### Problem:
Copy out every line in the entries below that includes "Black".

### Information shown:
■ ■ ■ ■ ■ ■ ■

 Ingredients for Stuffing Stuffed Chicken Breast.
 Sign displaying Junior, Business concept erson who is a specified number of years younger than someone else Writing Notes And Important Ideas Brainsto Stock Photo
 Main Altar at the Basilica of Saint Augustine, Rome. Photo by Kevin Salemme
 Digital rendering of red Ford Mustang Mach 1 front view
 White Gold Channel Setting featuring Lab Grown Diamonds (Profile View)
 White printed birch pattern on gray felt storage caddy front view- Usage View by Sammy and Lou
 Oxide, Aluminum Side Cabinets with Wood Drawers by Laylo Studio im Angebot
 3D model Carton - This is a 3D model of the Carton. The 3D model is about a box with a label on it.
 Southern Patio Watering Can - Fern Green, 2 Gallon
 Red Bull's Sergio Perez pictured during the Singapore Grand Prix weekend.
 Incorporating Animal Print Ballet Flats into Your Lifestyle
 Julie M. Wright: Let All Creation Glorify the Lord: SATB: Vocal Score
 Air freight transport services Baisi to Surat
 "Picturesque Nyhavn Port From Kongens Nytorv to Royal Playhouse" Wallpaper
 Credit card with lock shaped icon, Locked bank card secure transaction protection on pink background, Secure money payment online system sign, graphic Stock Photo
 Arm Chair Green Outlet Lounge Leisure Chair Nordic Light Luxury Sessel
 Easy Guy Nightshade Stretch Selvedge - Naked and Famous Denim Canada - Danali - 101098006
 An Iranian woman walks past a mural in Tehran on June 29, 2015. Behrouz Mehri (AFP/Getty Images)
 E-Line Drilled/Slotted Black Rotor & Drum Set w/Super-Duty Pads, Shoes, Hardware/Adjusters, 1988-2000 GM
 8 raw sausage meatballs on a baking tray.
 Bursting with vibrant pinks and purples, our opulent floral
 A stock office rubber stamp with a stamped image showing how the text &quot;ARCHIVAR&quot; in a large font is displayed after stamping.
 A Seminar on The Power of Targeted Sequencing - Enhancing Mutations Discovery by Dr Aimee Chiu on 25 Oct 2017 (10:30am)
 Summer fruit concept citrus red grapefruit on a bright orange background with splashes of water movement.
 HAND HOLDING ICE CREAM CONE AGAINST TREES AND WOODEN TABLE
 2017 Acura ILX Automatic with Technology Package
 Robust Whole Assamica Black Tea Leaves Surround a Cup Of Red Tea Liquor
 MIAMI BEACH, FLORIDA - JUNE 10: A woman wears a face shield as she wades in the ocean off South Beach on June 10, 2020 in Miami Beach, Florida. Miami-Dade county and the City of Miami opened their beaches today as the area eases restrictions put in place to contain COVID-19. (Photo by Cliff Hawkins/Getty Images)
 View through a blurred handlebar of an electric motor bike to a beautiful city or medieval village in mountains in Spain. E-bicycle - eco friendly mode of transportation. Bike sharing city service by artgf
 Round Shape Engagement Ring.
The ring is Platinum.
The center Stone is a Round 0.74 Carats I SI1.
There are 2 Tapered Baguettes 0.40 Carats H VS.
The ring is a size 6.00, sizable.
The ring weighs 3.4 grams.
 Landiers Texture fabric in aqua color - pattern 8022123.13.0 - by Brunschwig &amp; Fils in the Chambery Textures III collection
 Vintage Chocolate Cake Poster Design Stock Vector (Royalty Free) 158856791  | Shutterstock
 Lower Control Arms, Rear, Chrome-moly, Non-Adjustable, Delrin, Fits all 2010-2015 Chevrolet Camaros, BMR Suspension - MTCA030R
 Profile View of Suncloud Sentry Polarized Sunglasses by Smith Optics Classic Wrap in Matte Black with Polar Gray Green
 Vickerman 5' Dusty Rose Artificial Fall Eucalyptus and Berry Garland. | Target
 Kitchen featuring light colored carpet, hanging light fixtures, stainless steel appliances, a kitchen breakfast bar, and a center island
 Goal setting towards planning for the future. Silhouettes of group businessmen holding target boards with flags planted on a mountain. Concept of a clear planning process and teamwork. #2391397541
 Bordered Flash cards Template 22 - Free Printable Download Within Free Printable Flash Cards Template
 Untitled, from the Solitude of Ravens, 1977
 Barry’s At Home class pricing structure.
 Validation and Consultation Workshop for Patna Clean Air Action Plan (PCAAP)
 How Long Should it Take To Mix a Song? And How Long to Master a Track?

■ ■ ■ ■ ■ ■ ■

### Answer:
 E-Line Drilled/Slotted Black Rotor & Drum Set w/Super-Duty Pads, Shoes, Hardware/Adjusters, 1988-2000 GM
 Robust Whole Assamica Black Tea Leaves Surround a Cup Of Red Tea Liquor
 Profile View of Suncloud Sentry Polarized Sunglasses by Smith Optics Classic Wrap in Matte Black with Polar Gray Green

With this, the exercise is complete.